The U.S. dollar traded firm against most of its major counterparts on Friday, rebounding well after recent losses.
A surge in bond yields following a bigger than expected increase in consumer prices in the U.S. and China pushed up the dollar.
Producer prices in the U.S. jumped by much more than expected in the month of March, according to a report released by the Labor Department on Friday.
The Labor Department said its producer price index for final demand surged up by 1% in March after climbing by 0.5% in February. Economists had expected another 0.5% increase.
The bigger than expected advance in producer prices reflected another spike in energy prices, which soared by 5.9% in March after skyrocketing by 6% in February.

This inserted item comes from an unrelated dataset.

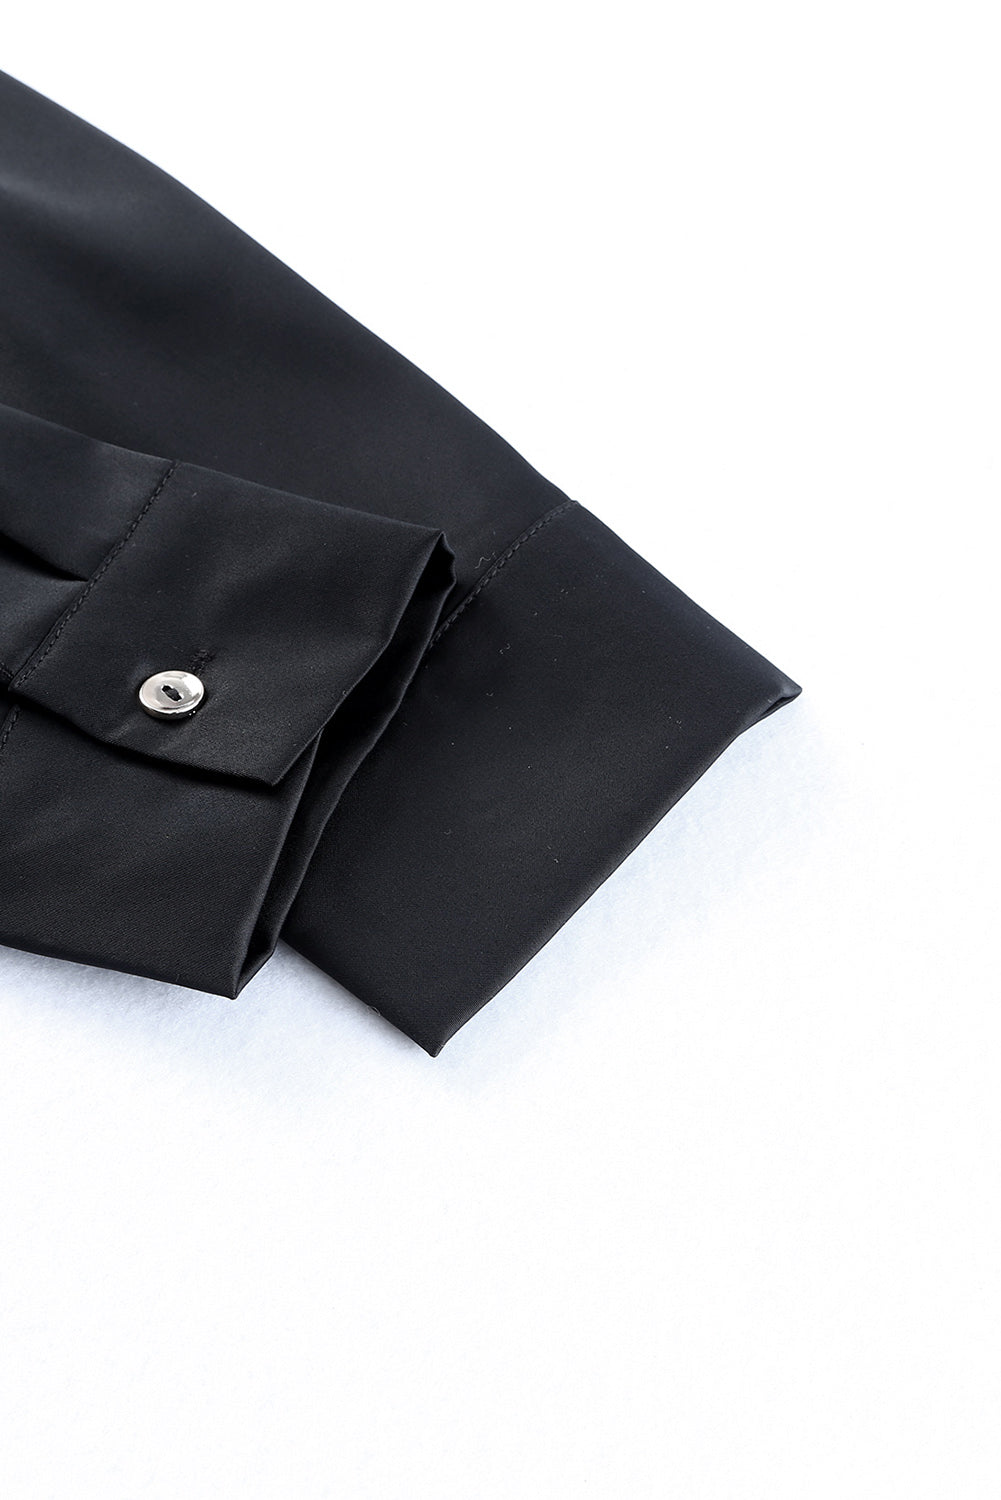 Black Sequin Splicing Pocket Buttoned Shirt Dress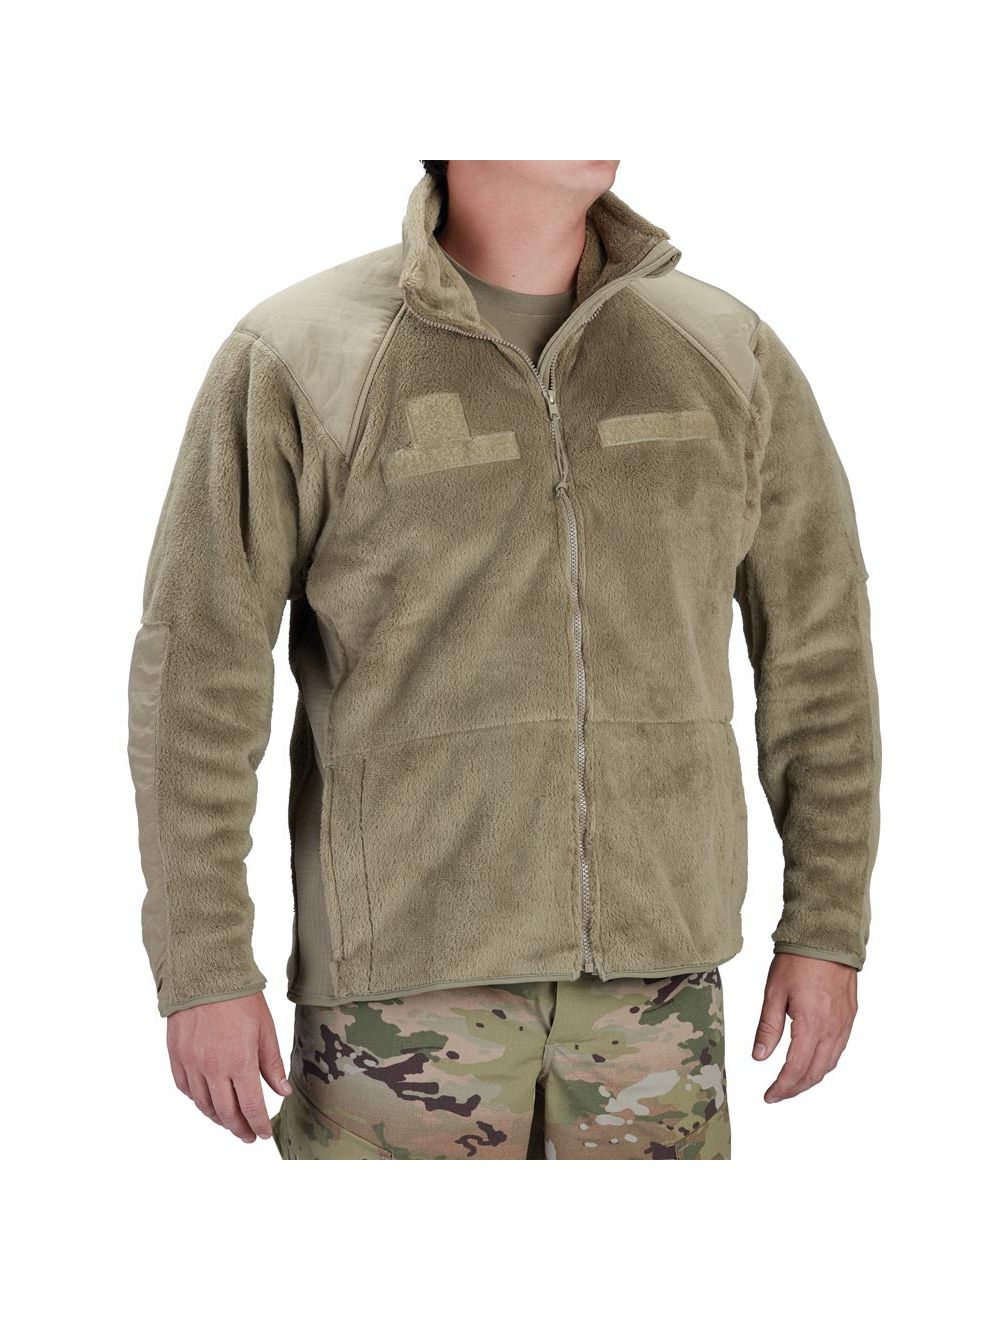 US Army Jacke ECWCS GEN III Polartec Fleece Jacke Jacket Cold Weather Small Reg.

The dollar index advanced to 92.41 earlier in the day but pared a substantial portion of its gains as the session progressed. The index was last seen at 92.16, up 0.11% from previous close.
Against the Euro, the dollar firmed up to $1.1868 before easing to $1.1903, but still stayed positive, netting a gain of about 0.13%.
The Pound Sterling was weaker against the dollar, fetching $1.3706 a unit, about 0.22% less than Thursday’s close of $1.3736.
The Yen weakened to 109.66 a dollar, sliding from 109.27.
The Aussie was down more than 0.4% against the dollar, with the AUD-USD moving to 0.7621 from 0.7663.
The Swiss franc was little changed against the dollar at 0.9244. Switzerland’s jobless rate decreased in March, data from the State Secretariat for Economic Affairs showed. The jobless rate fell a seasonally to 3.4% in March from 3.6% in February. Economists had expected a rate of 3.6%.
Against the Loonie, the dollar was weaker, fetching C$1.2531 a unit, as against C$1.2562 on Thursday. Data released by Statistics Canada showed employment in Canada increased by 303,100 in March. The unemployment rate dropped to 7.5%, after coming in at 8.2% a month earlier. Economists had expected the unemployment rate to be 8% in March.